I was going to use outdoor wood filler and outdoor glue. None of the sides or anything that the joists and hangers are mounted to are weak or rotted. If I use the filler to build up the top to be level and stronger, and then I was going to look for some type of plastic flashing to make sure it doesn't get wet and rot (the filler is rated for outside and water anyway). Id hate to replace it, it'd mean redoing 1/2 my deck.

Any advice or tips greatly appreciated!

Sent from my iPhone using DIY Forum


----------



## user1007 (Sep 23, 2009)

When n doubt, if you can afford and given the damage you show in the photos?

Replace. 

Especially since you are talking about structural members.

You cannot fill the kind of rot you photographed with simple wood filler and glue!

You can replace it with structural epoxy wood resortation products from some place like Abatron out of Wisconsin. I started using their stuff ages ago to restore wooden sailboats. 

You need new wood though. Just bite the bullet.


----------



## jdm001 (Nov 6, 2009)

sdsester said:


> When n doubt, if you can afford and given the damage you show in the photos?
> 
> Replace.
> 
> ...


I'd love to, but not in the budget to redo the whole deck that easily. We plan on keeping this house for about 2-5 years at most, and even with a market recovery we have little chance to recoup what I put in. I've already put $$ into finishing the basement (to code and inspected) so I can't sink more money into a whole new deck.
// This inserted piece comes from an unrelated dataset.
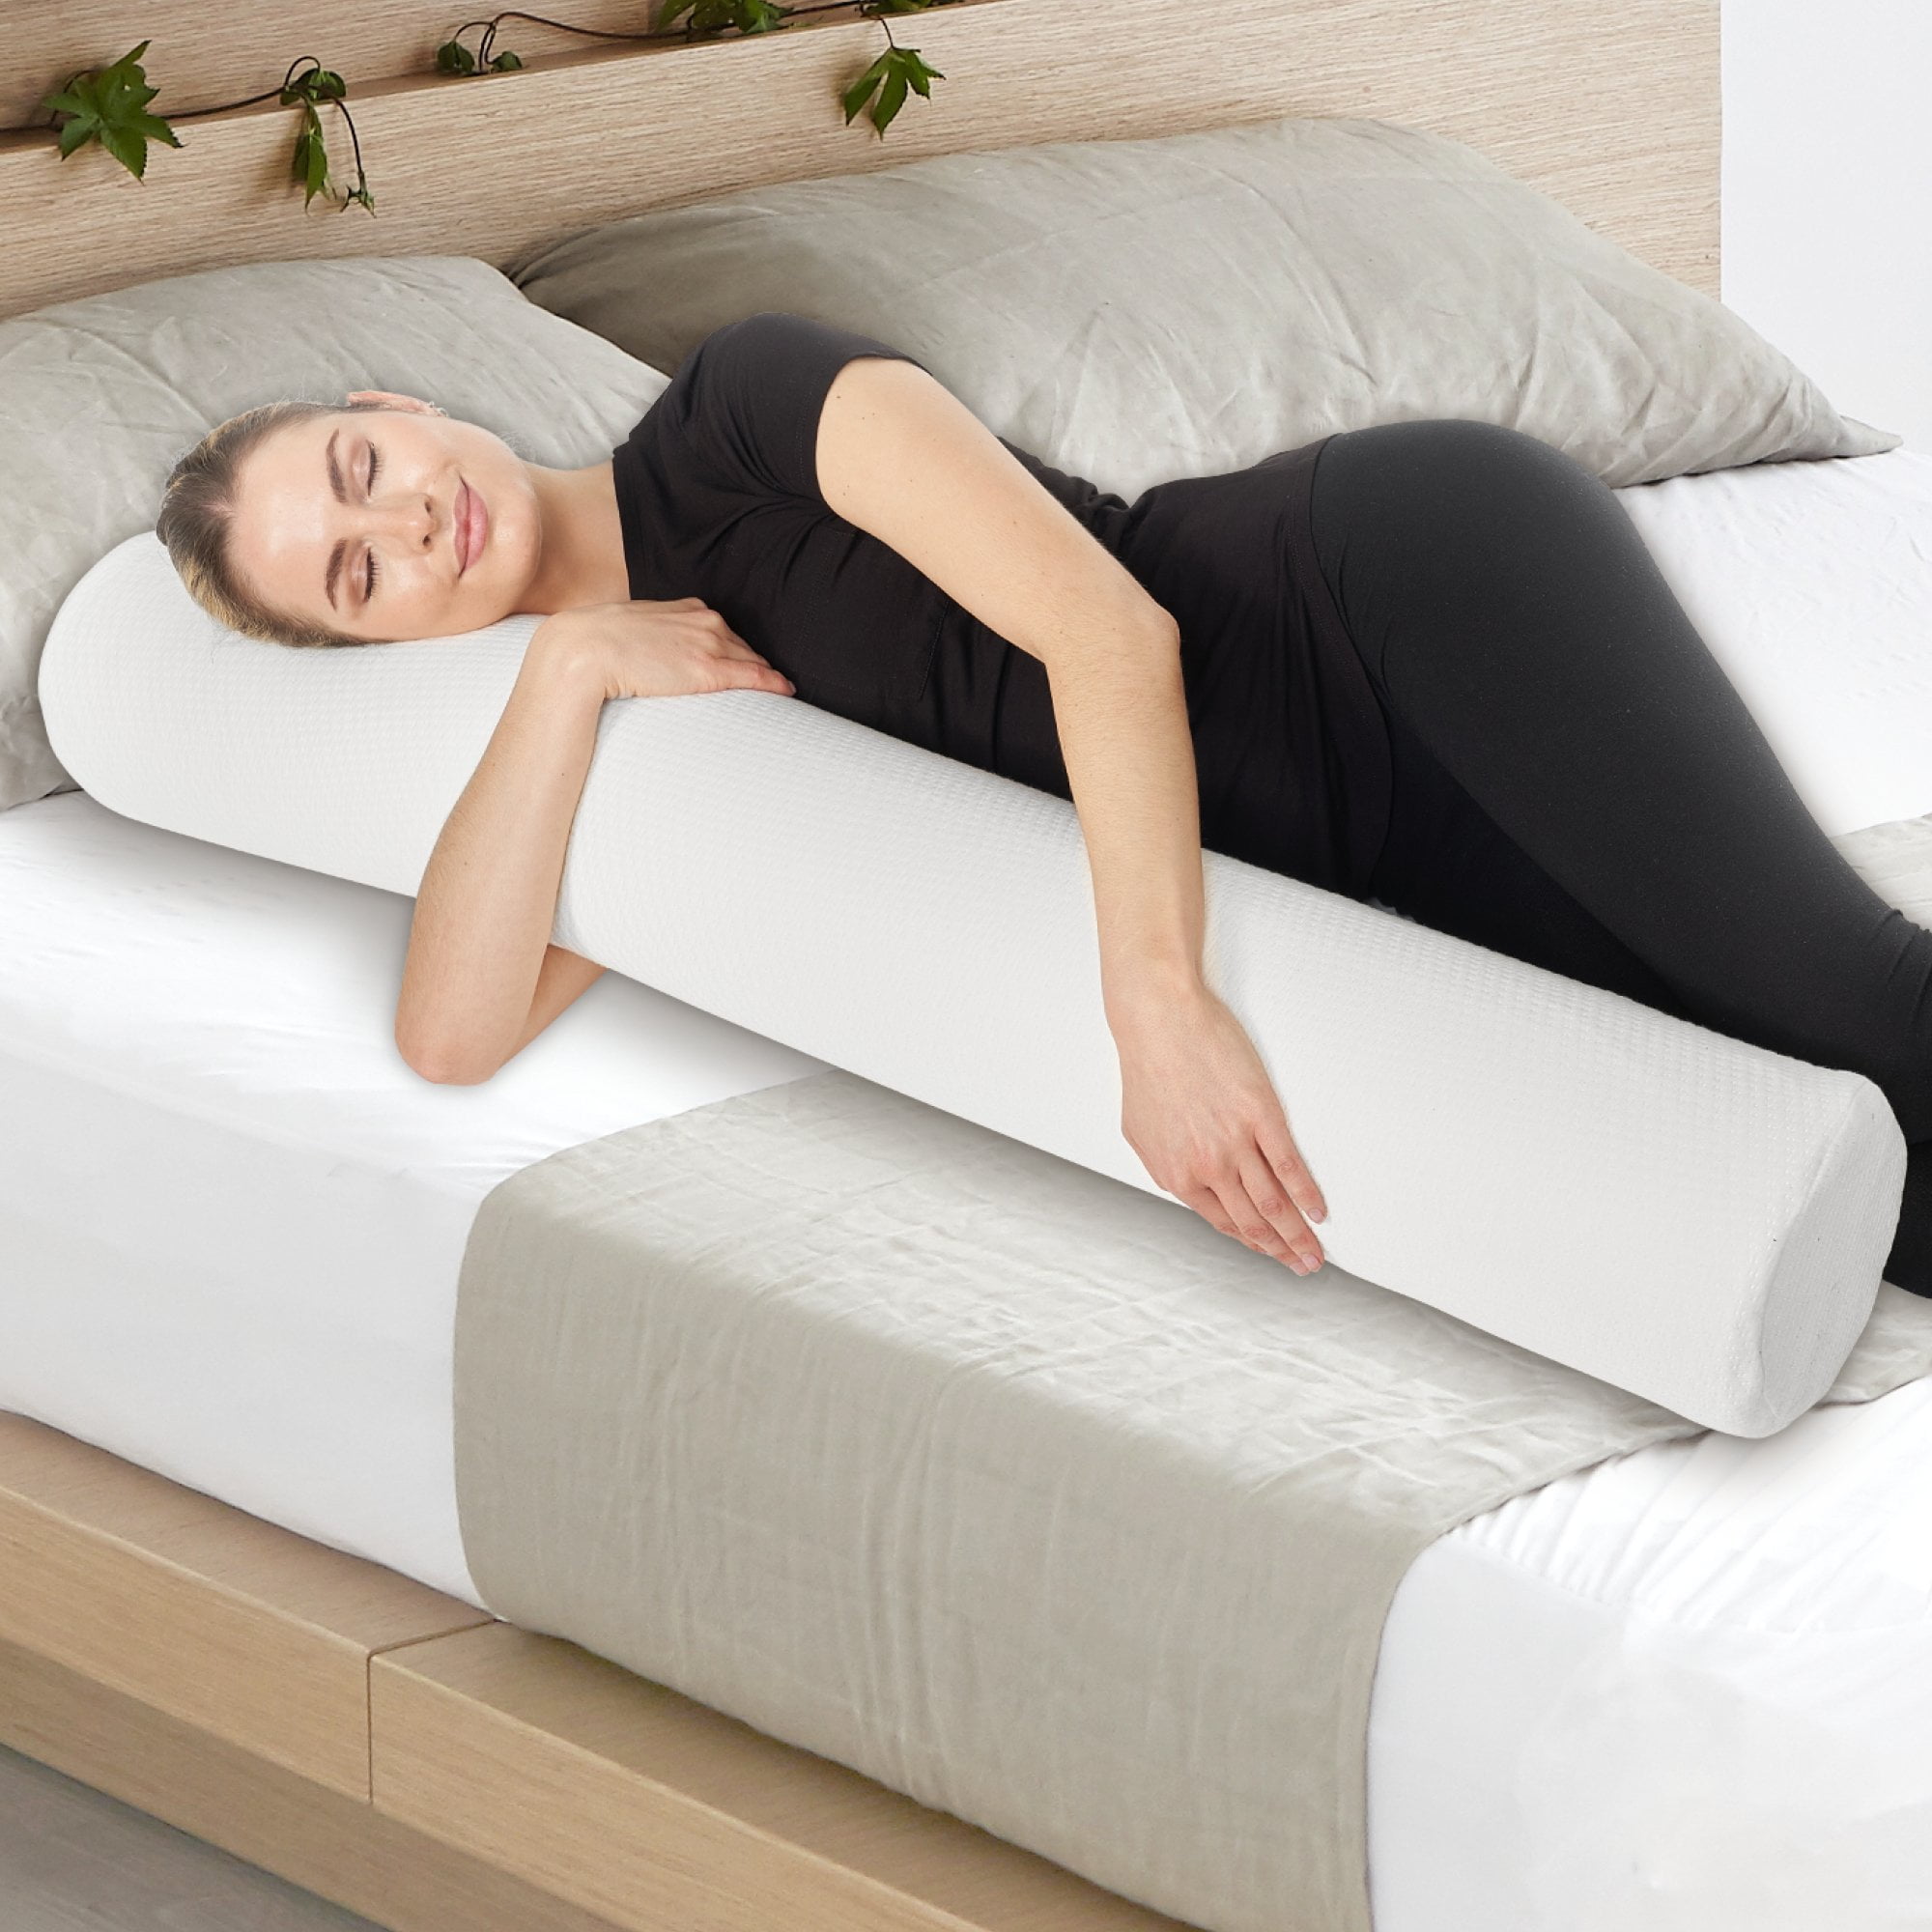 Bolster Pillow Long Body Pillow Comfort Nursing Neck Support Cushion 3'4'5'6FT

The main thing is that it is all structurally sound still. Nothing is rotted where the load is bearing. Just the top. I was going to take wood glue and sawdust NOT to fix the structure, just to plug up the open top after removing the rot.

Your thoughts? Anyone else?

Sent from my iPhone using DIY Forum


----------



## sixeightten (Feb 10, 2009)

Replace it. Get shorter boards so you can haul them yourself. Not talking about much money here.


----------



## sixeightten (Feb 10, 2009)

That deck appears to have many other issues. The hangers are too small, and are they even necessary there???? The beam looks undersized(2x8?) what is the beam span between posts?


----------



## sixeightten (Feb 10, 2009)

As far as sistering the joist, you should be ok with that. Nail them well and add the hanger.


----------



## jdm001 (Nov 6, 2009)

sdsester said:


> OMFG. A guy that wants justification to save a rotted piece of lumber.
> 
> I really could point him to epoxy restoration. Would someone else step in and suggest a new piece of lumber a possible option? Before he fills his with wood glue or whatever he had in mind? Or even the epoxy I have in mind.
> 
> He says it is not structural.


It IS a structural board, but it is not rotten lumber. It has rot but it wasn't deep though, by no means am I trying to save dangerous wood.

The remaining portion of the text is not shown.